Lelaki klimis itu ternyata sudah ada di depan pintu ruangan si Naga. Haduh, apakah gue harus kaget dengan penampakannya kali ini?
“Lo mau main lenong jadi Sherlock Holmes?”
“Saya Shareloc Holes, Mbak. Tugasnya mencari lubang dalam pori-pori hidup manusia,” Bebe mengangkat topi detektifnya, mengarahkan kaca pembesar ke muka gue.
“Kalau pakai skincare kayaknya enggak bakal punya pori-pori, Beb,” gue menghalau kaca pembesar itu, menunjuk ruangan si Naga. “Akses masih bisa dipakai, kan?”

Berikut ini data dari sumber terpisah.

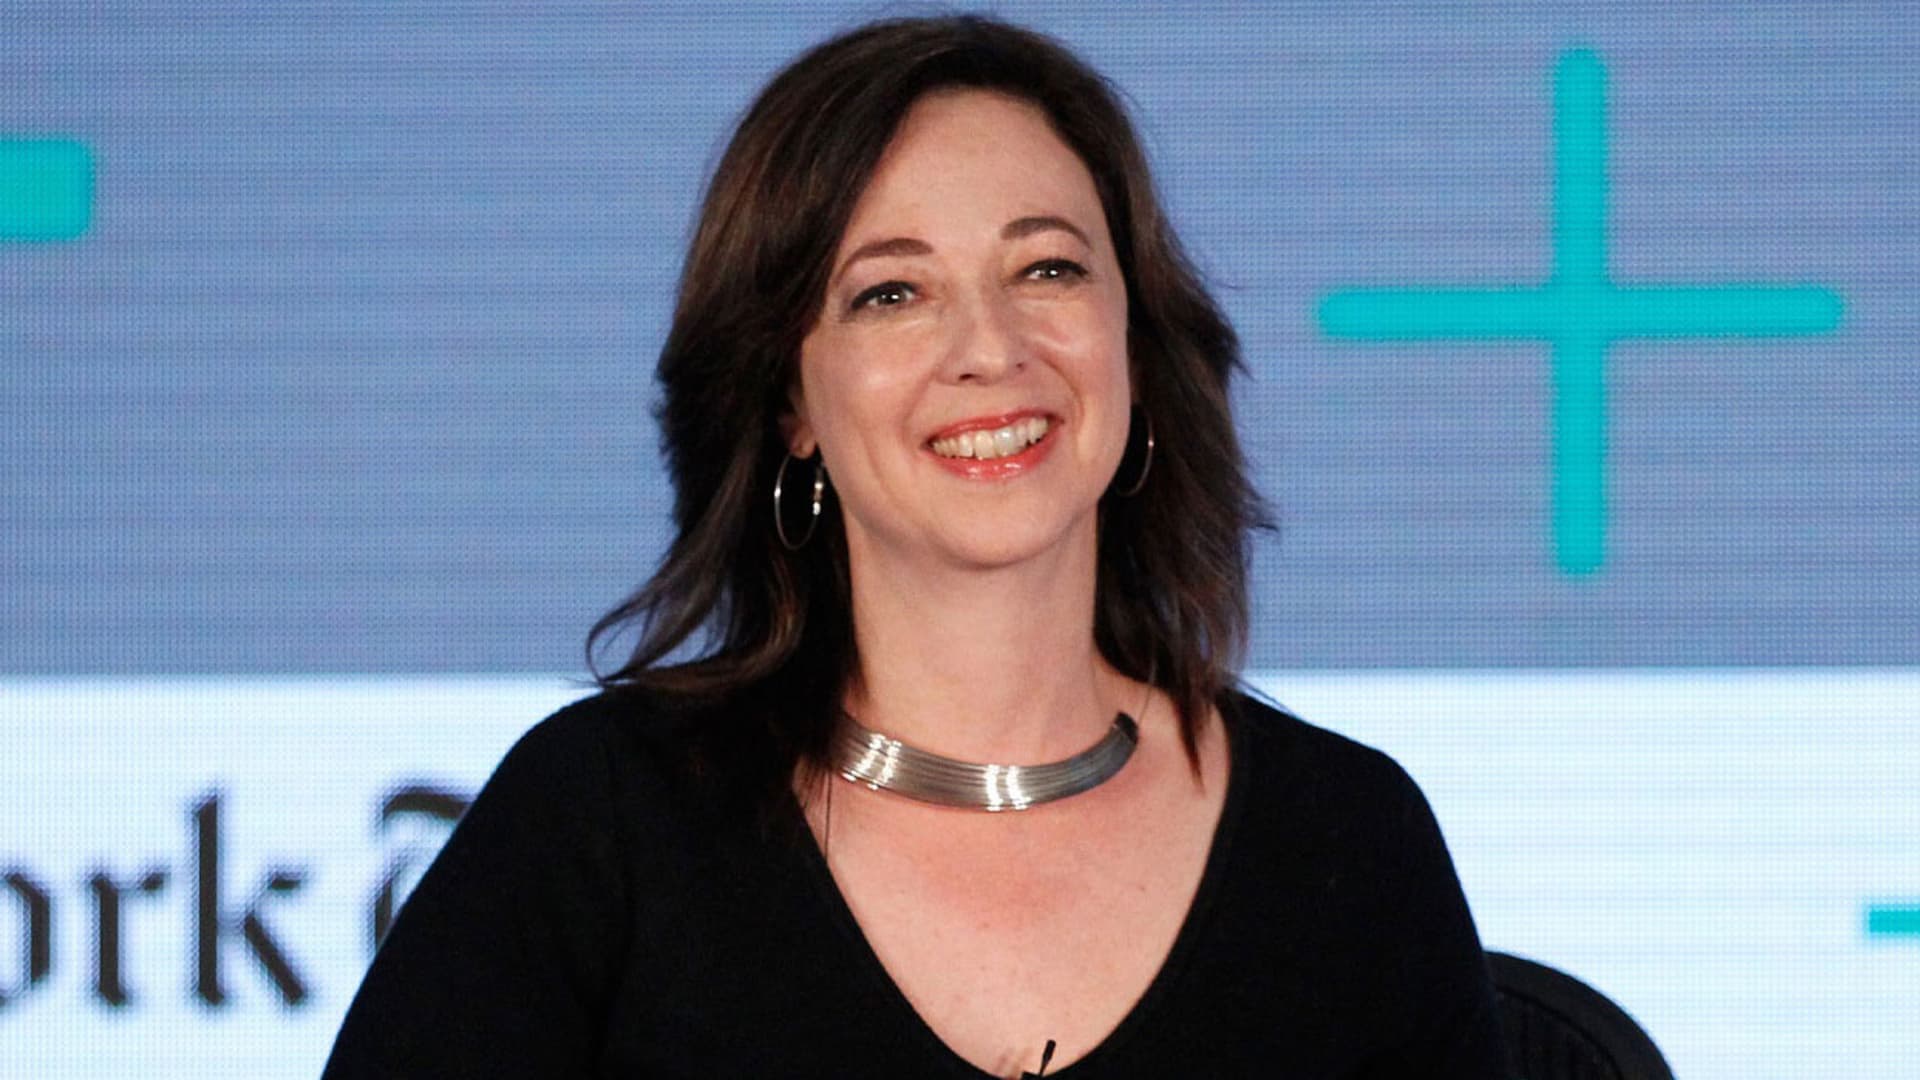 Introverts are 'routinely passed up' for promotions—but have 3 traits that can make great leaders, says best-selling author Susan Cain
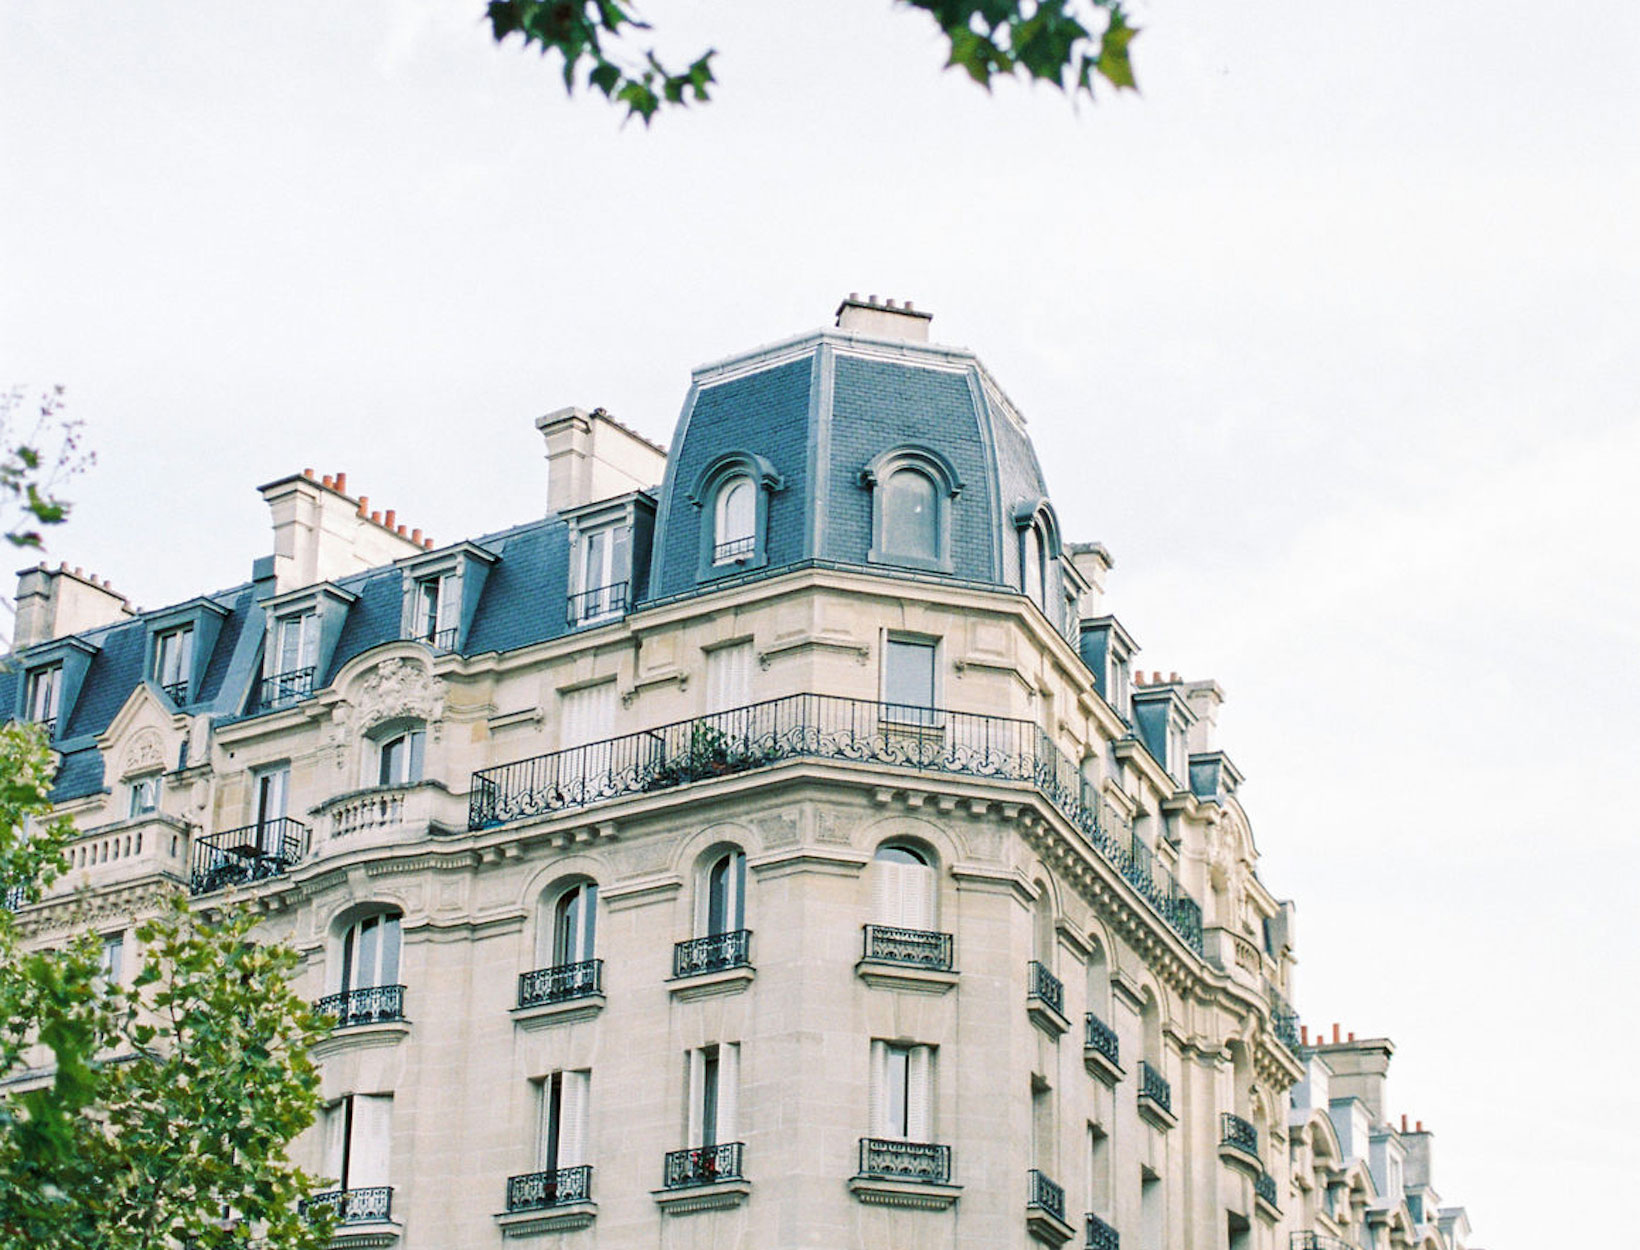 Get ready for Louis Vuitton's first-ever luxury hotel: the Paris

Bebe menggunakan kartu aksesnya untuk memasuki ruangan. Terdengar bunyi “biip” pelan pertanda akses tersebut sah. “Kita punya waktu aman kira-kira satu jam. Banyak yang tinggal di luar planet Jakarta dan sengaja datang pagi biar enggak kena macet,” Bebe mempersilakan gue masuk duluan. Hmm, gentleman rupanya.
“Berarti tiap hari kita cuma punya waktu satu jam?”
Bebe mengangguk. Wah, satu jam itu bisa tidak terasa sama sekali. Mana mencari jimat ini mirip mencari harta karun, tanpa petunjuk pula. Berapa lama waktu yang harus kami habiskan mencari jimat ini?
“Saya cari di area ini, Mbak di sebelah sana,” Bebe menginstruksikan. “Kalau enggak ketemu, kita coba pindah ke areanya Mbak Ratna. Siapa tahu dititipkan di sana.”